When I was thinking about what David was like and after reading a bunch of what was written before and after 1996, I was remembering what it was like to be a fan, and my question was always, “What is it like to be this person who is so awake and alive?” What are they like having their first Pop-Tart in the morning. What are they like when their flight is cancelled? What are they like when checking into the hotel? What are they like when they are meeting new people? Are they going to be awake and alive in the same way that you see in their writing? That was the great thing about doing the book in the way it was done. You don’t have to wonder about what it would have been like to spend time with this person because here you literally are spending that time with the person. That was so gratifying to me as a fan, a reader, and a writer. People were writing me and saying that this was the guy they knew. That made me so happy that I had found a way to preserve the charming and wide awake person that he was.

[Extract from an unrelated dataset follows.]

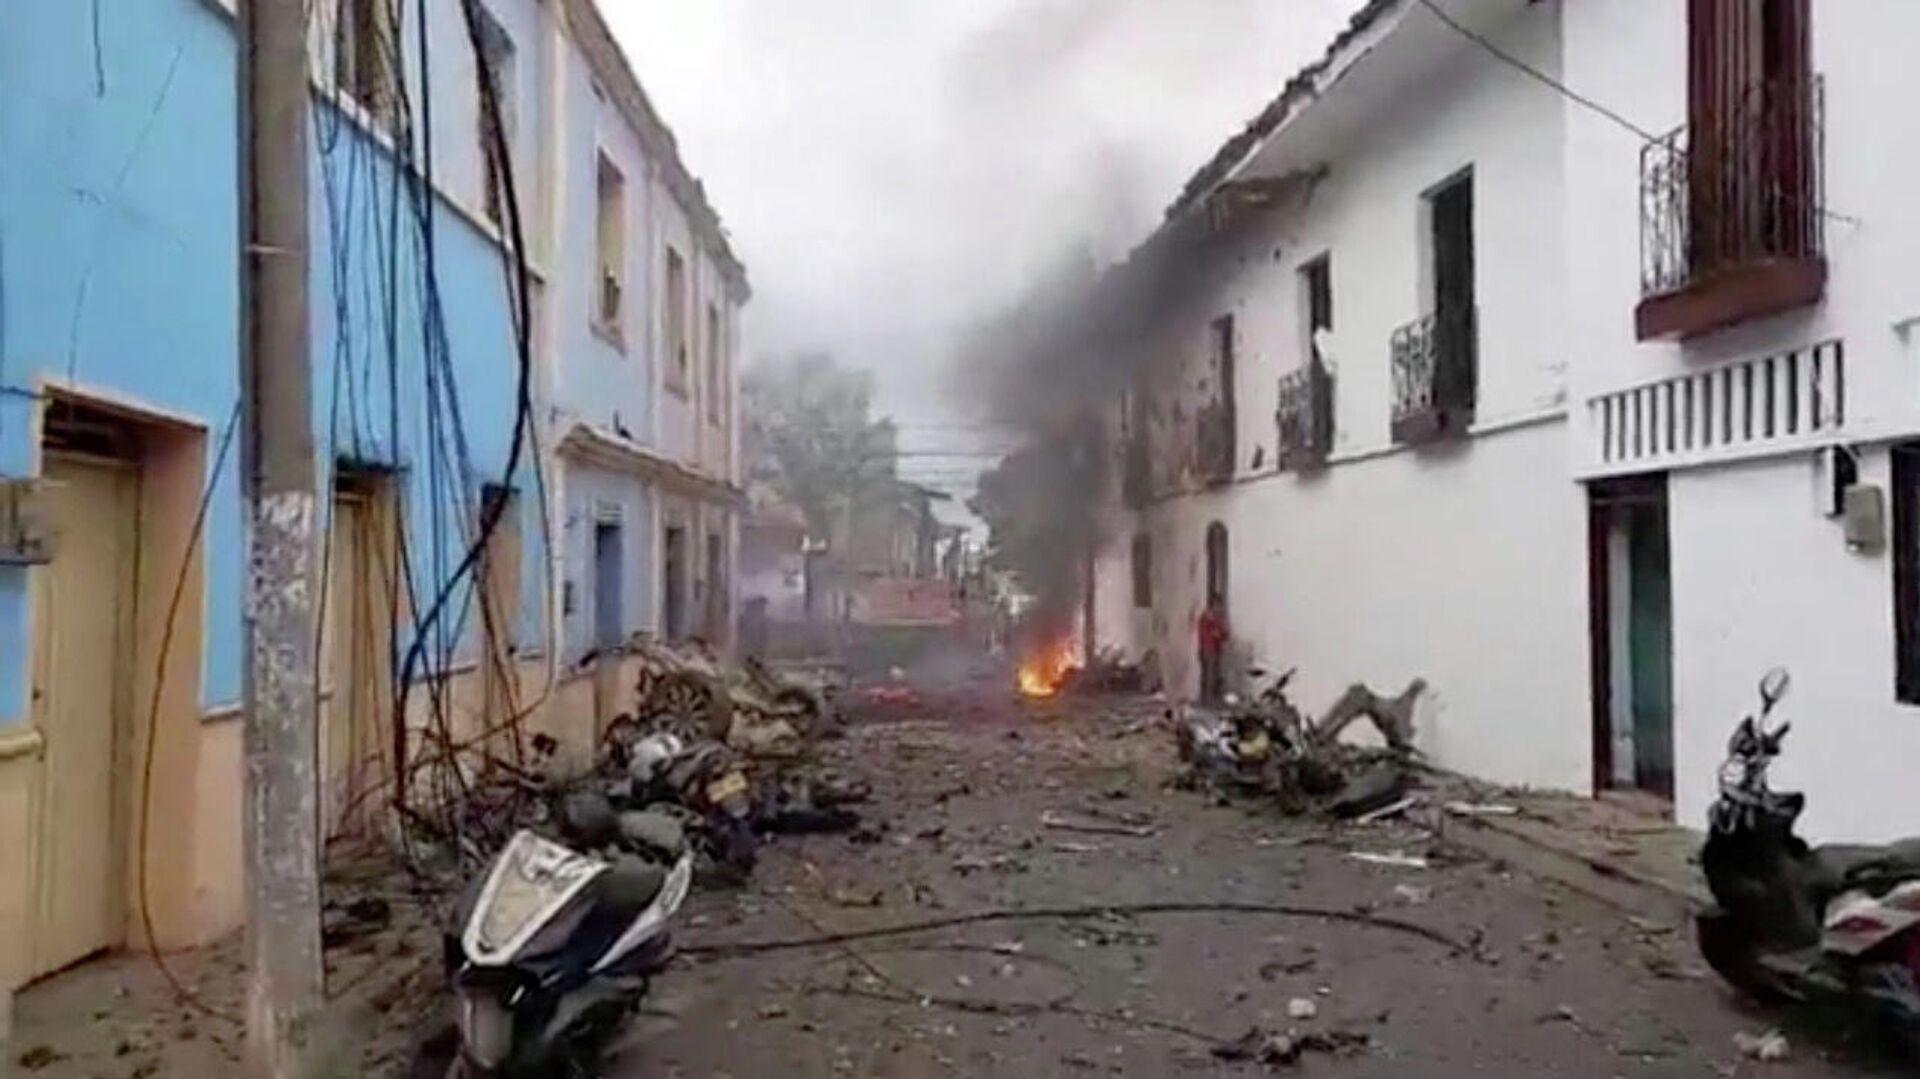 Lugar de explosión en la ciudad colombiana de Corinto - Sputnik Mundo, 1920, 26.03.2021

This might sound like a silly question to end on, but there’s something that has been bothering me since reading the book and seeing the film. Both include an aside where you go to the movies and you see the John Travolta-Christian Slater film Broken Arrow. We see and learn what David thought about it through the book and the film, but all we know about your experience with the film is that you had seen it twice. You never gave your own opinion on it, so what are your honest feelings about Broken Arrow?

David Lipsky: (laughs) Sitting through it twice was a small price to pay to watch David’s reactions to it. (laughs) That’s what I think about it. I’m a fan of that kind of movie, though, and sitting through it twice was a small sacrifice to see his reaction to it. That’s a great question, by the way. It’s still making me laugh just thinking about it all.

I was honestly just watching David when we went to see it together. I’m actually a John Woo fan, but Broken Arrow isn’t my favourite. I love The Killers most of all, and I think Face/Off is in certain ways a better movie than Broken Arrow. But David had always talked about loving movies where things blow up and sitting towards the front of the theatre to watch things blowing up better. What a great thing to watch him watching that movie. Just to watch this person who had written this brilliant novel is a thrill. He even puts it best himself that films like that make him forget that he’s David Foster Wallace, that he has a pimple on his nose, and things to do. To watch him wincing and smiling throughout the film and the explosion scenes was something that couldn’t be replicated. As such, I have such fond feelings for Broken Arrow, and now reliving it with you makes me want to relive those scenes again.

But for people who don’t like John Woo, David gives such a great synopsis of the movie, which is that it’s a film where you get to see John Travolta get hit in the chest with a thermonuclear device and get carried out of the frame. That’s really all you need to know about the film itself. (laughs)

And it all goes back to what you were saying before… One of the reasons why people love David’s work so much is because when you’re reading him, he’s expressing what you think like when you’re thinking at your best. When he talks about what he calls his “regular guy-ness,” he’s referring to ways that he feels different from other people, but how he’s always listening to them. For him to have talked about loving those movies and watching him respond for the first time to explosions on screen that he hadn’t seen before was to see that, yeah, you can be alive to the world around you and still be a great writer.

The piece that he won the National Magazine Award for Rolling Stone about the John McCain campaign contained as the last words: “try to stay awake.” That’s how that piece ends and that’s the advice that reading all of his writing gives in some way. If you are awake, life can be boring and repetitive, but it’s thrilling if you stay awake. To get to watch him staying awake through something like Broken Arrow? Fuck no. I would never trade that for anything.